■ **Instructions to follow**
Below this line is a set of entries; quote exactly the lines from the line that contains "Mary-Jessica Pitts, in" to the line that contains "Vitamin D also", both lines included.

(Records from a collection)
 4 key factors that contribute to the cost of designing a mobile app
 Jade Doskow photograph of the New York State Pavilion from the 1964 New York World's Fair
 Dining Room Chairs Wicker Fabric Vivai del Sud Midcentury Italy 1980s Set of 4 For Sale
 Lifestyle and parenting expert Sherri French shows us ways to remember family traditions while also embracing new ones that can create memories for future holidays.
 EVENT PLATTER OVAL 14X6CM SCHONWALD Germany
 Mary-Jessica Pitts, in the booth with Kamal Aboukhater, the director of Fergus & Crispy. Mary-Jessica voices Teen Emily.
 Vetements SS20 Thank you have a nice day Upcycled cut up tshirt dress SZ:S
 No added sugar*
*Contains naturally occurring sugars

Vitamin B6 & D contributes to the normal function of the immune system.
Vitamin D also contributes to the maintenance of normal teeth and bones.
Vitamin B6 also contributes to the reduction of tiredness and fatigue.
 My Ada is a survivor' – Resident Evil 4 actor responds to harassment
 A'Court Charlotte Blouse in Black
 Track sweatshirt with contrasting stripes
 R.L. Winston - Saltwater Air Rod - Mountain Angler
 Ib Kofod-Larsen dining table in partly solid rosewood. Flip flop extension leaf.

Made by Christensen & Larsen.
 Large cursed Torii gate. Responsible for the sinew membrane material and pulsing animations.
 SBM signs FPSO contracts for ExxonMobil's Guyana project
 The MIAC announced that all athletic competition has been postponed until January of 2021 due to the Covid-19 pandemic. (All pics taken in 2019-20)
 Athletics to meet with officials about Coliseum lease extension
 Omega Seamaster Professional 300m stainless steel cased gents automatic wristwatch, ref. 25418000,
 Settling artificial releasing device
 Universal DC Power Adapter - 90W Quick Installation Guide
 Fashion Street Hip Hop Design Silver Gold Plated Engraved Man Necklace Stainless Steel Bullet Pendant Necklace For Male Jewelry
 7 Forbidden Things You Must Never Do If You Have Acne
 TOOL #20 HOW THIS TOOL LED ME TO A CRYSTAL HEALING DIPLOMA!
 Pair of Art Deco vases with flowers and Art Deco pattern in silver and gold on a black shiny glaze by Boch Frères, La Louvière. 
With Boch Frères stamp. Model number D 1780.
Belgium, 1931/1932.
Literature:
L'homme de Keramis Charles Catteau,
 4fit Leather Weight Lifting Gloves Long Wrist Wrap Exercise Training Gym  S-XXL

■ **Exercise result**
 Mary-Jessica Pitts, in the booth with Kamal Aboukhater, the director of Fergus & Crispy. Mary-Jessica voices Teen Emily.
 Vetements SS20 Thank you have a nice day Upcycled cut up tshirt dress SZ:S
 No added sugar*
*Contains naturally occurring sugars

Vitamin B6 & D contributes to the normal function of the immune system.
Vitamin D also contributes to the maintenance of normal teeth and bones.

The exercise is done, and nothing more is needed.